By the time that the brigade returned to Australia, it was down to only 44 per cent of its authorised strength. In early July, the brigade was brought back up to strength with an intake of 1,300 men from the 1st Motor Brigade, which was subsequently disbanded. In August 1943, after training and re-organisation around Ravenshoe, Queensland, the 18th Brigade was deployed to Port Moresby in preparation for further operations, arriving there on 12 August. During the early phases of the Finisterre Range campaign the brigade remained in reserve around Port Moresby, while the other two brigades of the 7th Division, the 21st and 25th Brigades, were deployed to defend the approaches to Lae. They remained there until 4 January 1944 when the brigade was transported by air to Dumpu to relieve the 21st Brigade around Shaggy Ridge, subsequently taking part in the fighting around the Kankiryo Saddle, Prothero I and II and Crater Hill. Following the conclusion of the fighting around Shaggy Ridge in February, the brigade remained in New Guinea until May 1944 when they were withdrawn back to Australia for re-organisation.

===Borneo===
Following the brigade's return to Australia, it was reconstituted at Strathpine, Queensland, before later moving to Kairi. A long period of reorganisation and training followed, before the brigade moved to Morotai, in the Dutch East Indies, May 1945. The brigade's final involvement in the war came when they landed at Balikpapan in Borneo on 1 July 1945, as part of efforts to secure the port facilities and oilfields located there. Coming ashore in the first wave, the 18th Brigade was allocated to the landings around Klandasan, on the Allied left. Following the initial landing, the 18th Brigade, supported by 'D' Company, 2/1st Machine Gun Battalion, secured the high ground around Klandasan.
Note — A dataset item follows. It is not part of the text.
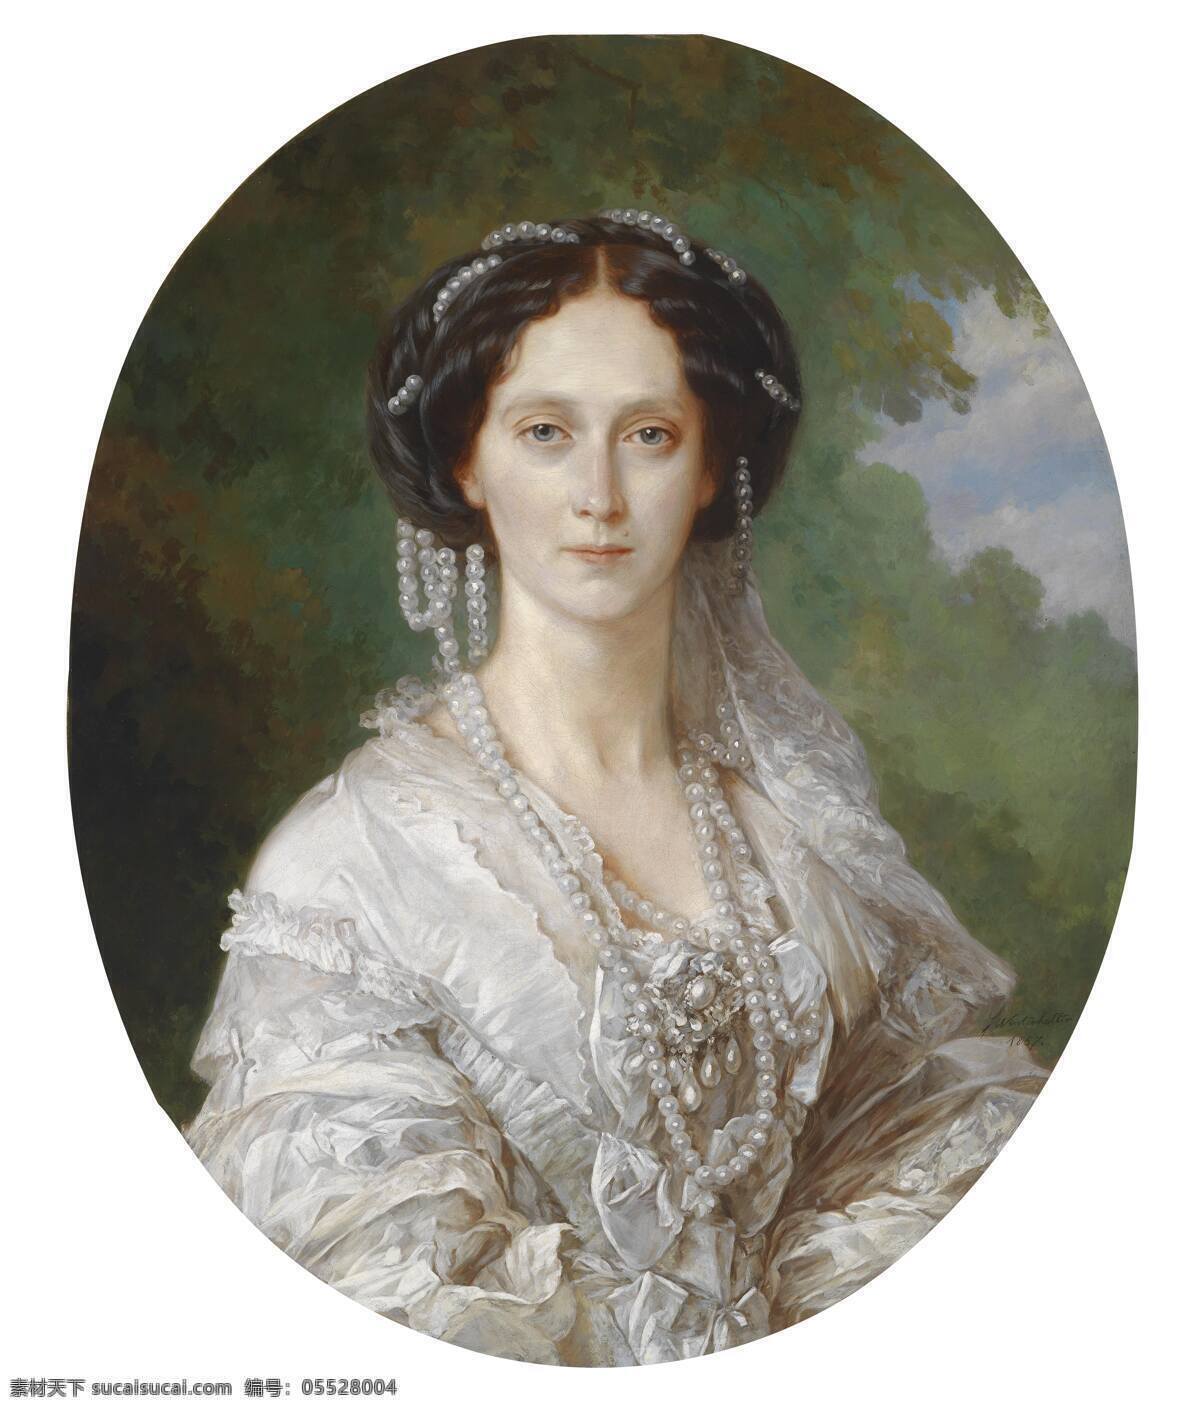 亚历山德拉 皇后 亚历山大 二世 妻 温特 哈尔特 作品 人物油画 古典肖像油画 白色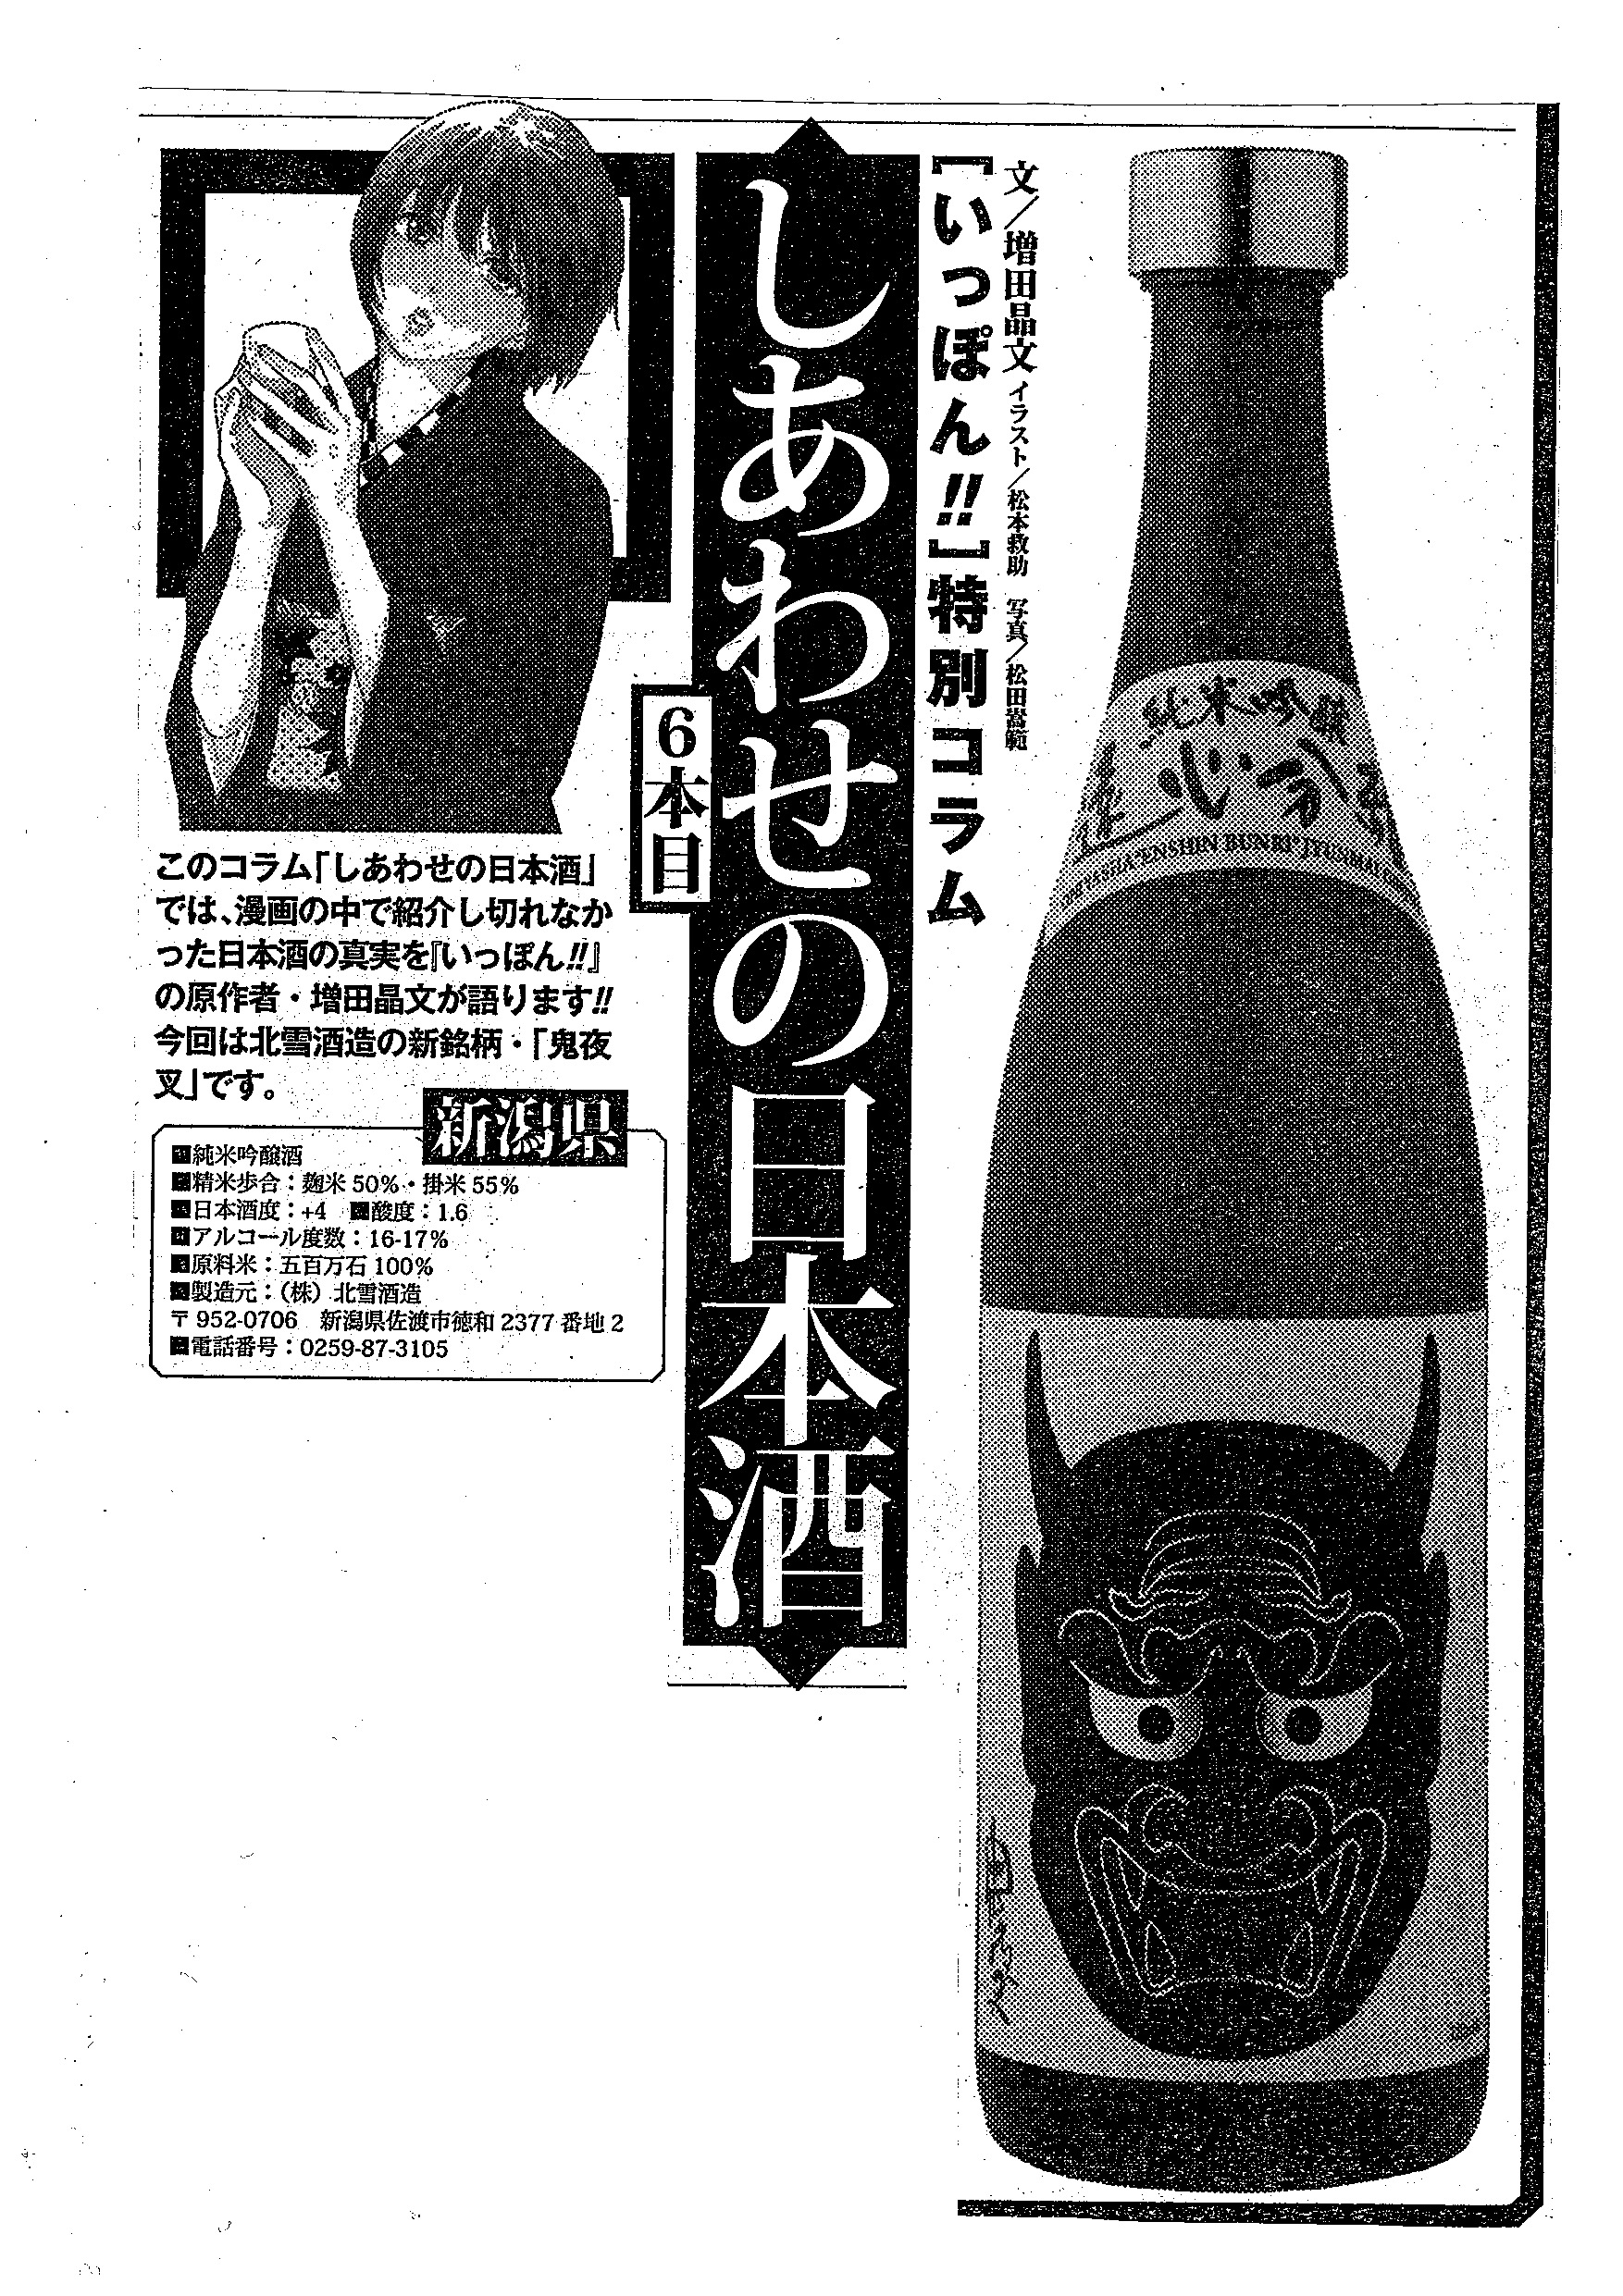 News 佐渡島から世界へ羽ばたく 日本酒 Hokusetsu

On 3 July they captured the town of Balikpapan and secured its port before being relieved by the 25th Brigade. The 2/9th Battalion was detached, along with the 2/1st Pioneer Battalion, to clear the western side of the bay around Panadjam, while the rest of the brigade undertook further patrols around Balikpapan. By the end of the month, the Australians began mopping up operations, and these continued until the Japanese surrendered. Following the completion of hostilities in August, the brigade remained on Borneo as the demobilisation process began. The 18th Brigade was disbanded on 3 January 1946 at Balikpapan after its component battalions were disbanded throughout December 1945 and January 1946.

==Commanders==
The following officers served as commanding officer of the 18th Brigade:
- Brigadier Leslie Morshead (1939–1941);
- Brigadier George Wootten (1941–1943);
- Brigadier Frederick Chilton (1943–1945).